Daily disposable lenses are becoming more common. Now offered by at least two makers, they are meant to eliminate protein deposit problems. The extra expense is offset somewhat if you subtract the costs of soaking solutions and cleaners, Lee says.

The biggest area of disagreement in contact lens wear? The wisdom of extended-wear lenses. Popular in the '80s and worn for a week at a time, the lenses fell out of favor when wearers began to get more eye infections.

At the American Optometric Association meeting in June, Dr. Joseph Shovlin, director of contact lens services at Northeastern Eye Institute in Scranton, Pennsylvania, told colleagues that people can wear them again with confidence, because materials have improved.

It's vital, he stressed, to follow the eye doctor's recommendations about how often to remove them routinely, and, if irritation occurs, to remove the lens immediately and see your eye doctor.

But not everyone votes for a return to extended-wear lenses. In a study published in July in the medical journal Lancet, researchers reported that overnight wearers of soft lenses had an almost 20 times greater risk of eye infection than those who took out their lenses at night.

For the study, they evaluated 92 new cases of infections in lens wearers in 1996.

What's better about eyeglasses?

Improvements in eyeglasses haven't been as fast and furious as advances in contact lenses. For anyone willing to pay the higher price, it's been possible for years to turn even Coke-bottle-thick prescriptions into socially acceptable, light-as-a-feather eyewear.
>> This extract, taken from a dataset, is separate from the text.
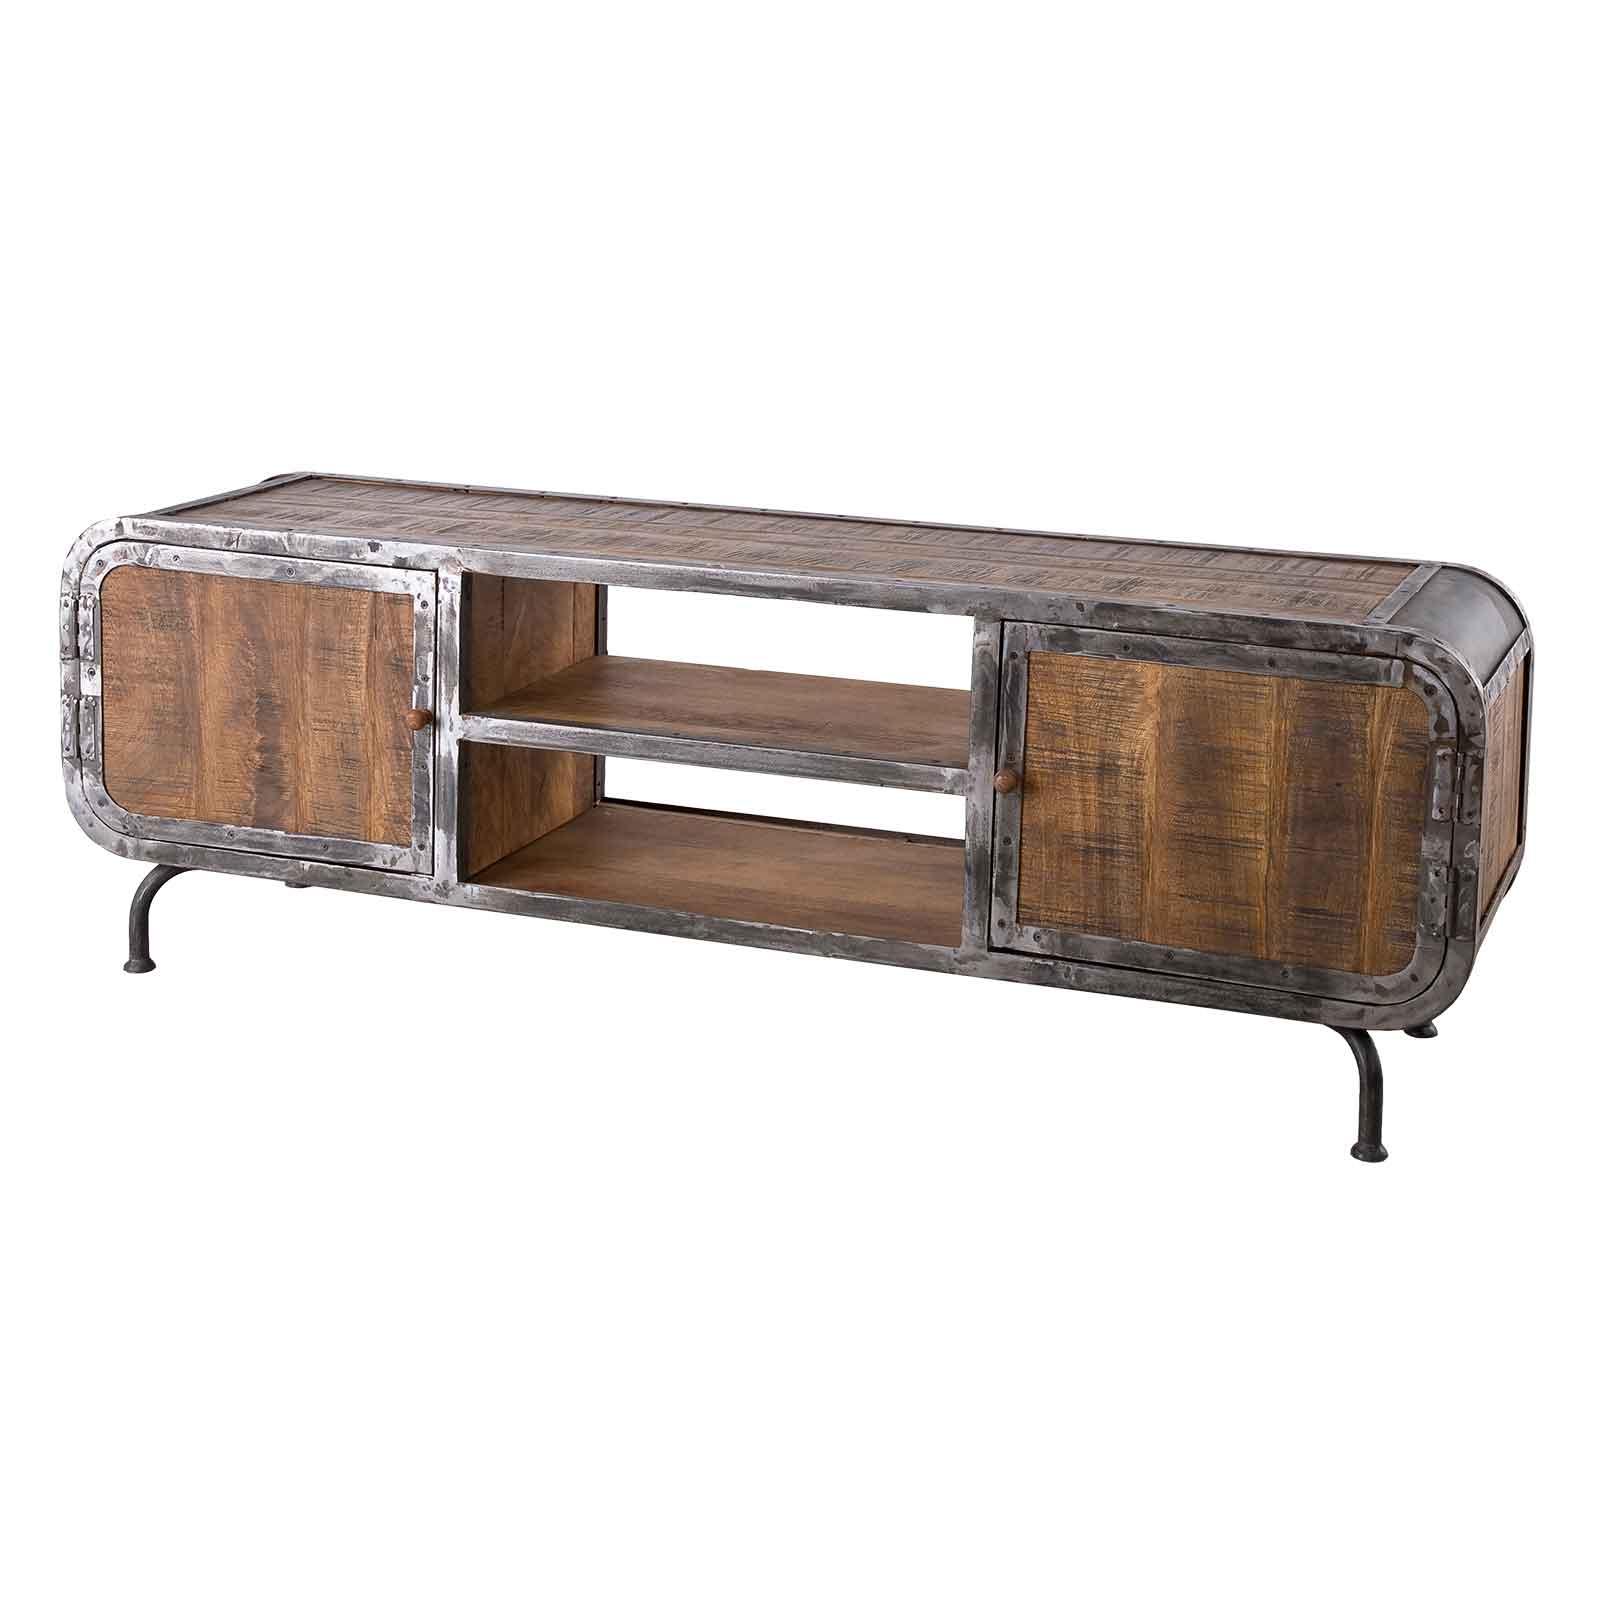 lowboard-saigon-aus-mangoholz-und-metall-180-x-60-cm

That's due to the magic of "high-index'' lenses that bend light differently, so that even strong corrections can be thinner, explains optician Joseph L. Bruneni, an assistant professor at the Southern California College of Optometry, Fullerton, California.
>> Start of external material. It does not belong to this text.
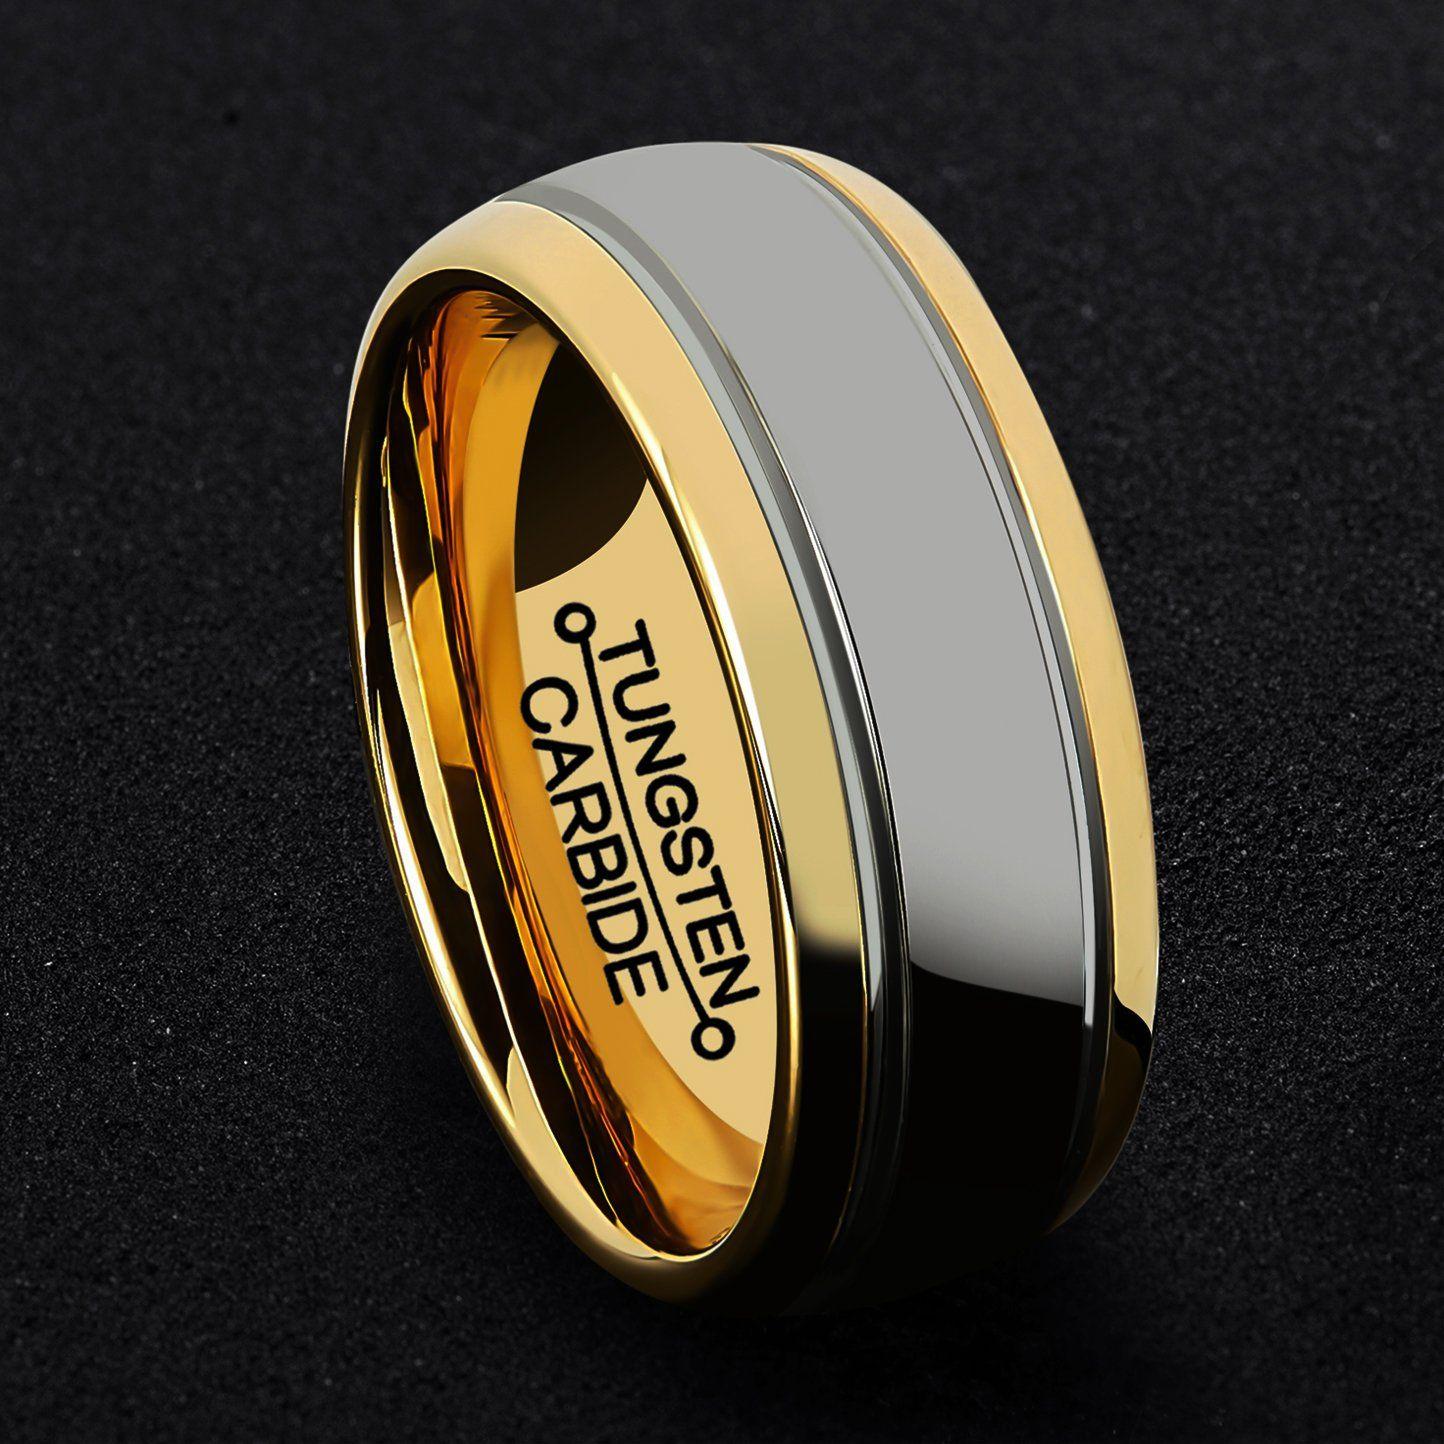 HSG Tungsten Rings for Men 18k Gold Plated Wedding Ring

Scratch-resistant coatings have gotten tougher recently, he says. And the anti-reflective coatings favored by television anchors, public speakers and others bothered by the bouncing, blinding effect of bright lights have improved, too.
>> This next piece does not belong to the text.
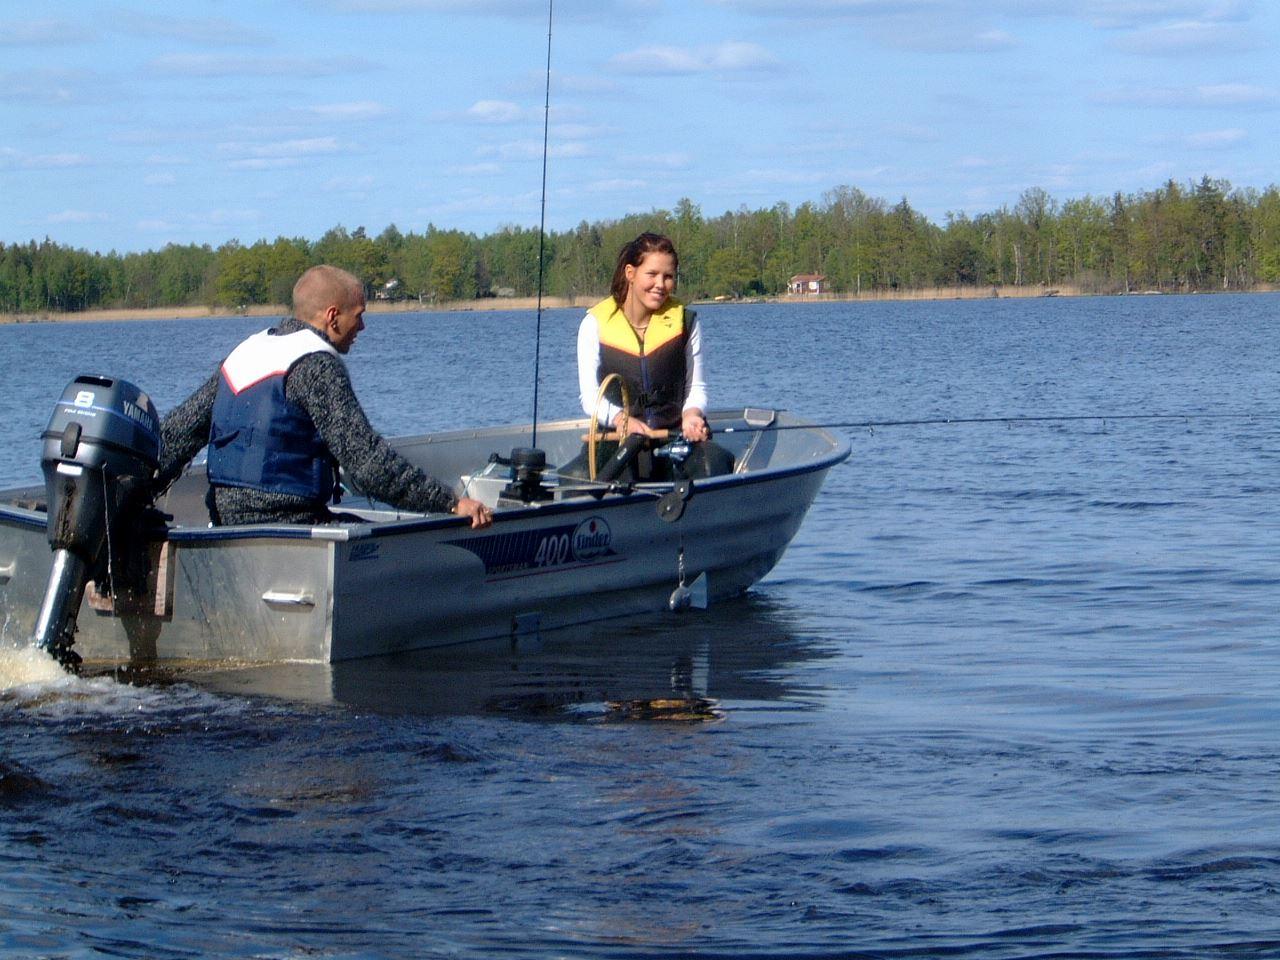 Båt- & kanotuthyrning: Torne Camping

Eyeglasses with special aspheric lenses -- flatter than conventional lenses -- can help improve the look of eyeglasses for those with strong corrections, says Dr. Gregory Stephens, associate professor at the University of Houston College of Optometry and a member of the American Optometric Association Commission on Ophthalmic Standards.

These lenses are fitted closer to the face, eliminating the bug-eyed look of some farsighted corrections and the tiny-eyed look of some nearsightedness corrections as well as improving vision.

Computer glasses are becoming increasingly sophisticated. One model, for example, has progressive lenses that allow the wearer to switch easily from reading the computer screen to reading materials on the desk, Stephens says.

What does the future hold?

While there's disagreement on exactly how common refractive surgery will become, and whether contact lenses and eyeglasses really will be obsolete, there is consensus on one point. Within the next decade, as several new techniques under study become available, those with vision problems will have more options than ever.

The challenge in the new millennium will be to find the right eye care specialist and -- as a team of two -- decide which solution is best.